The whole assembly can be downloaded from ftp://ftp.ensembl.org/pub/assembly/zebrafish/Zv8release
Assembly Statistics
The WGS assembly is based on 20,541,433 reads comprising 14,160,626,498 bp with a coverage of 6.5-7x. This set includes 6,882,050 reads from a new library generated from a single Tuebingen, double haploid zebrafish. In order to increase continuity of contigs in the finished or near finished regions, we shredded 1,366,419 reads from finished clones in the tiling path. From this set 18,969,500 reads were finally placed in the assembly. Phusion was used to cluster the reads and phrap was used for cluster assembly and consensus generation. This resulted in 247,928 contigs with an N50 size of 20,629bp. Contigs are joined in supercontigs based on read-pair information where the sizes of gaps are estimated using insert sizes of different lengths. Small supercontigs with less than 3 reads or smaller than 0.5 kb were rejected.
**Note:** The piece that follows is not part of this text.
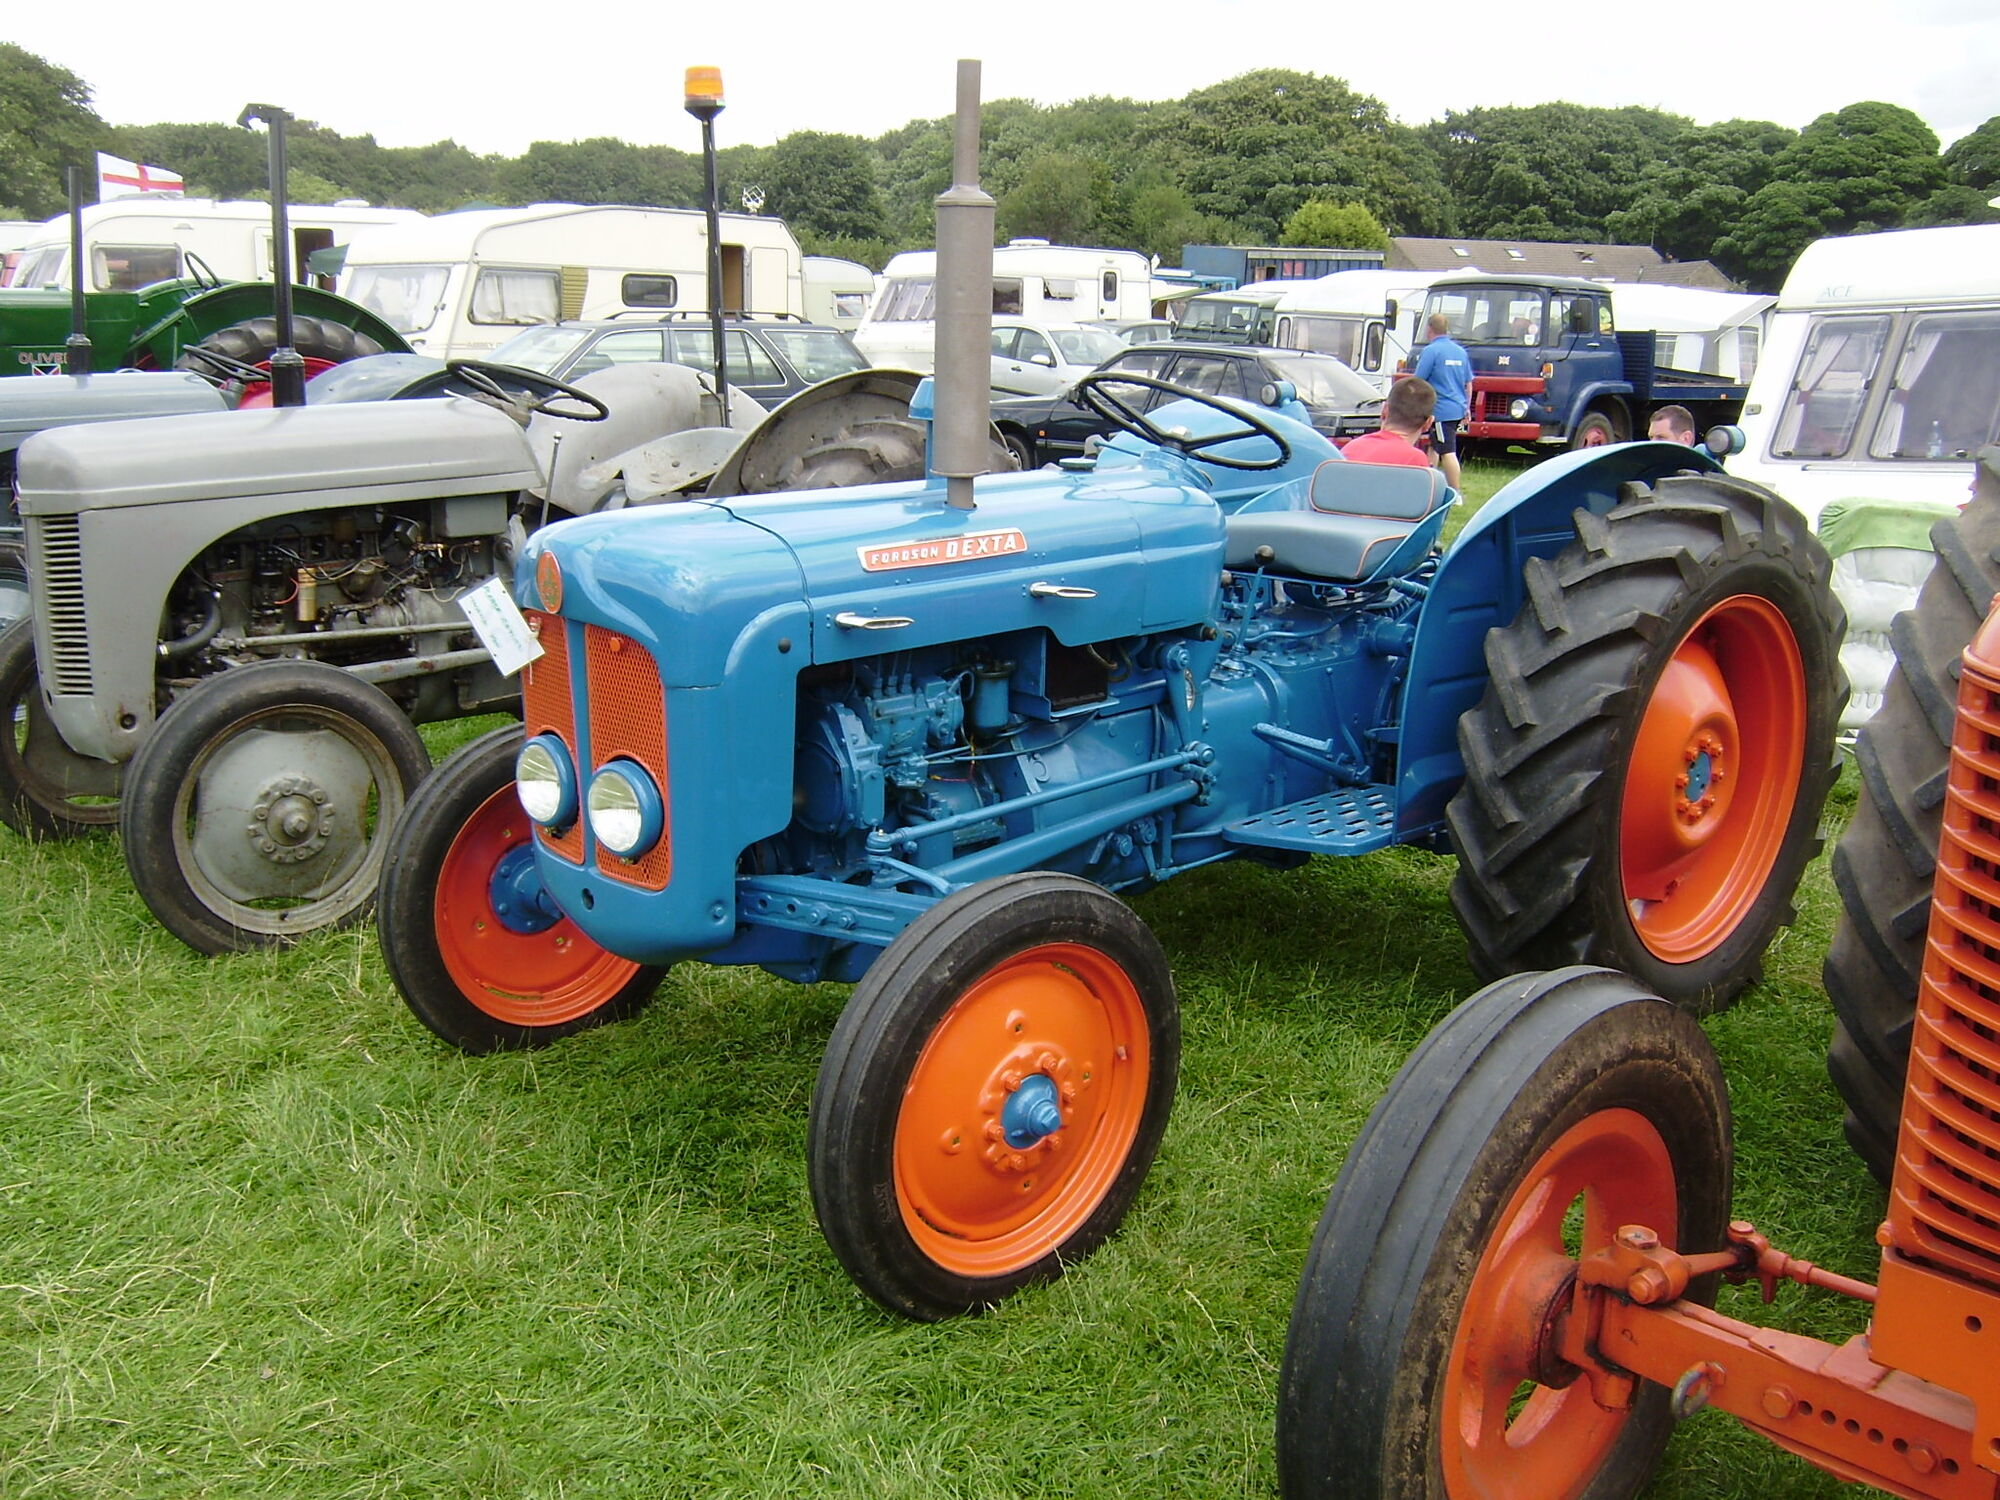 1958 Ferguson Tractor Attachments : Fordson dexta tractor construction plant wiki fandom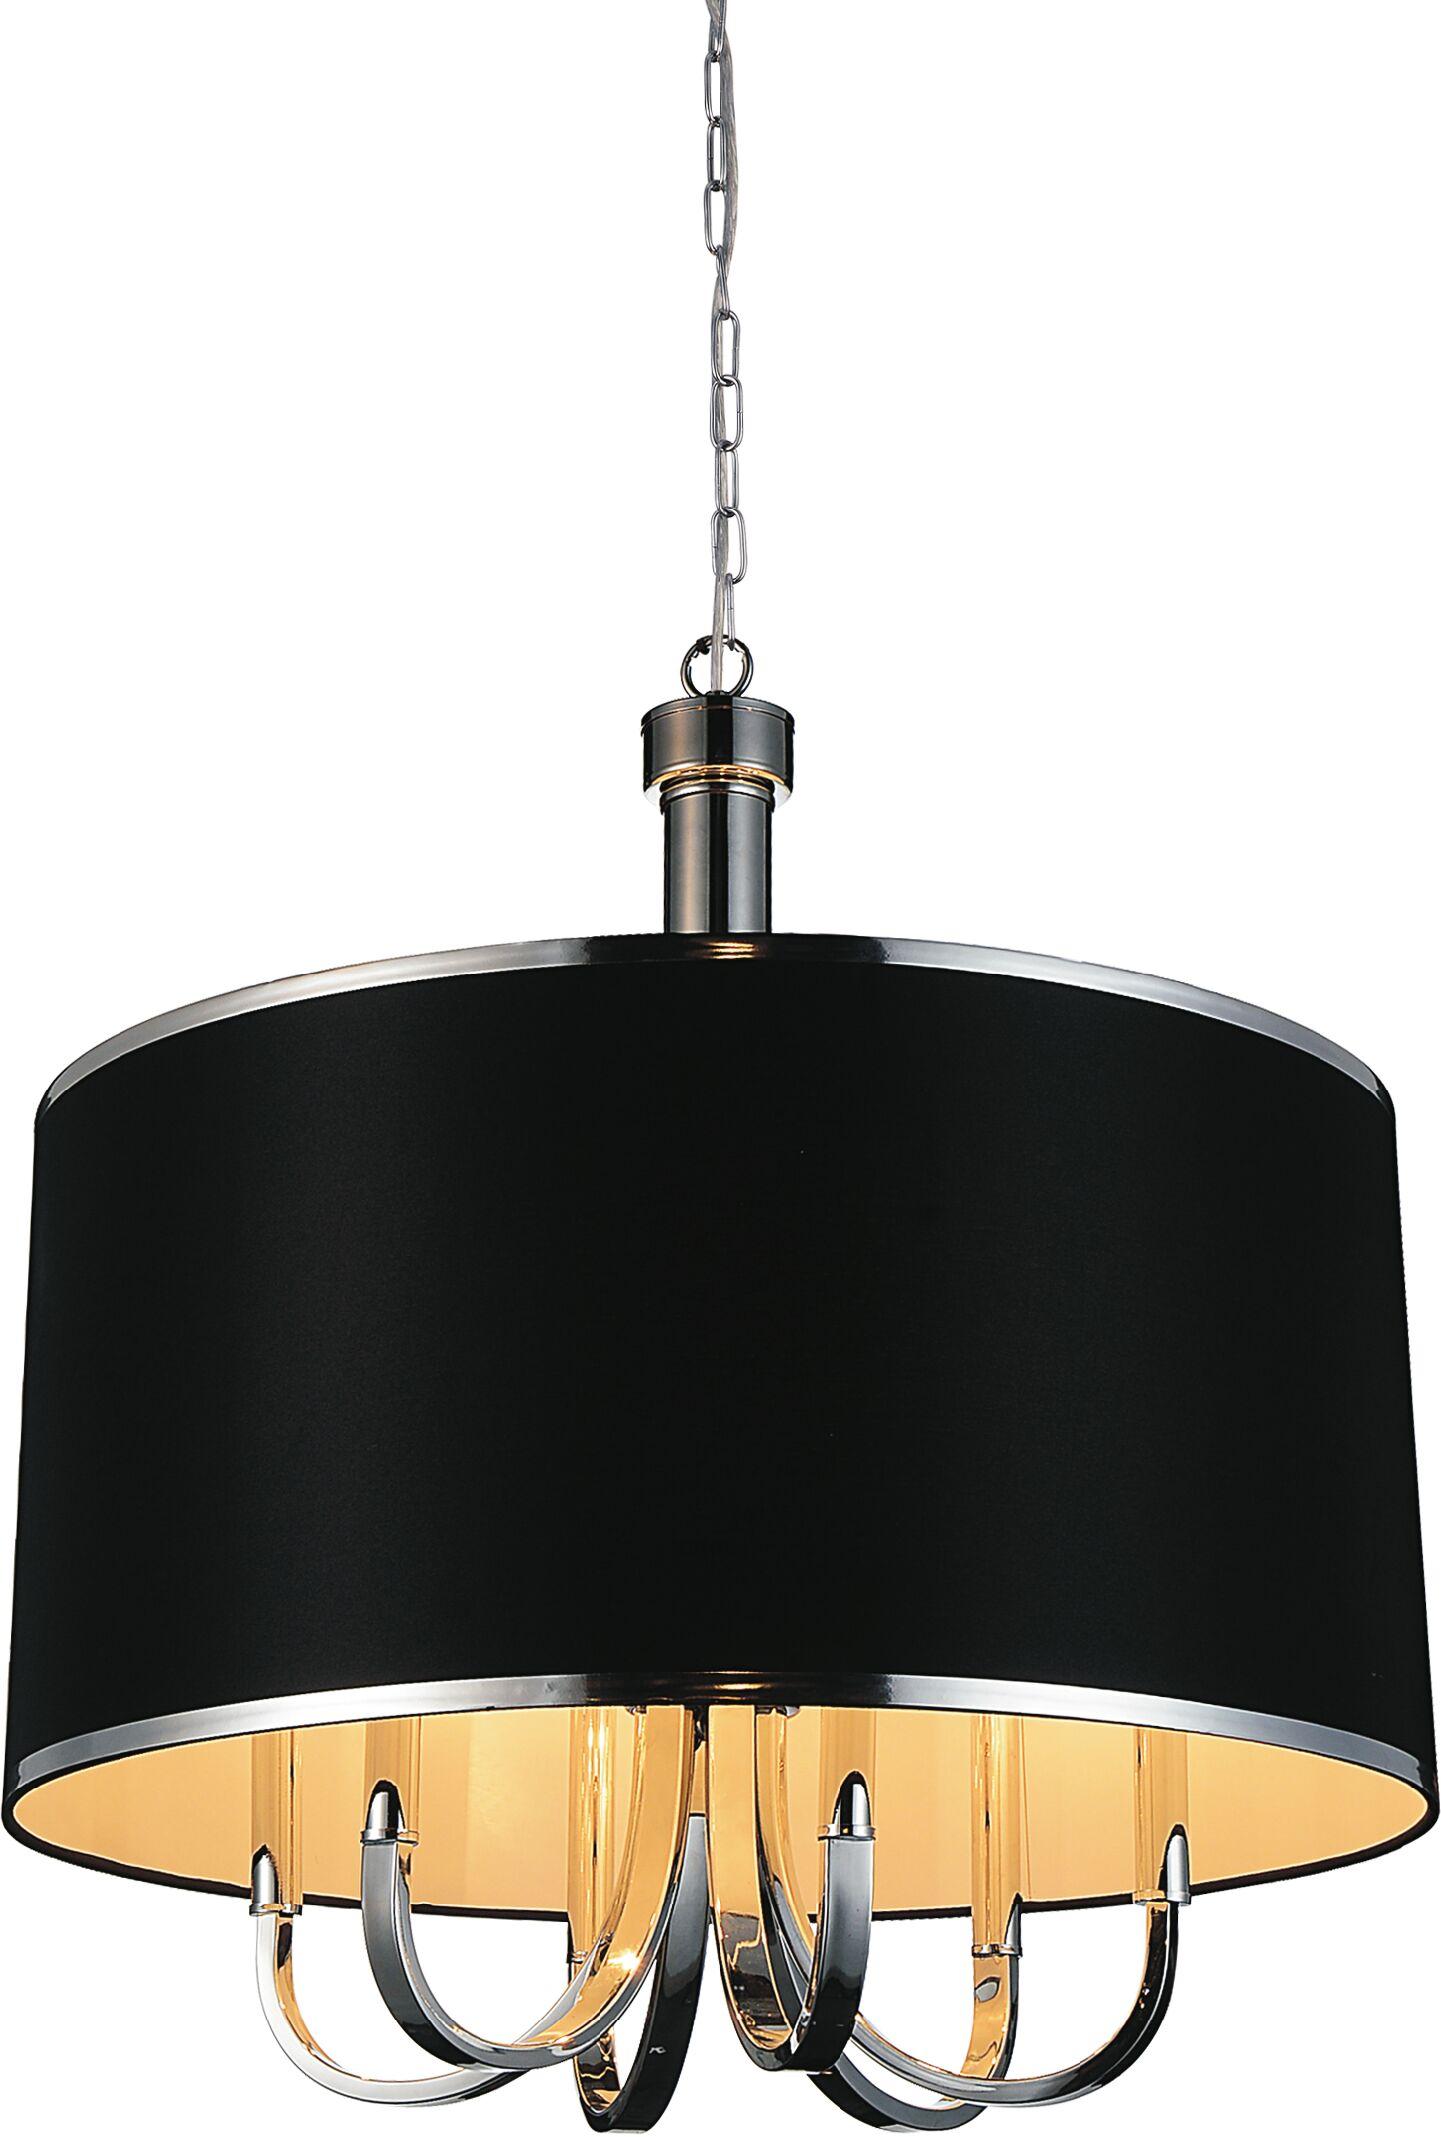 Orchid 6-Light Chandelier Shade Color: Black

There are 105,987 supercontigs in the WGS assembly with an N50 size of 687,451bp.
The integration of the WGS assembly with the clone sequences results in the Zv8 assembly (bp measures include estimated gap sizes):
- Total bases = 1,481,241,295 bp
- Scaffolds = 11,623
- Largest = 76,918,211
- N50 = 50,748,729, n = 13
- 1,322,655,876 bp in scaffolds placed on chromosomes 1-25 (includes 100 bp gaps between scaffolds).
- 43,712,372 bp in 180 scaffolds tied to unplaced FPC contigs.
- 123,873,047 bp in 11,418 NA scaffolds.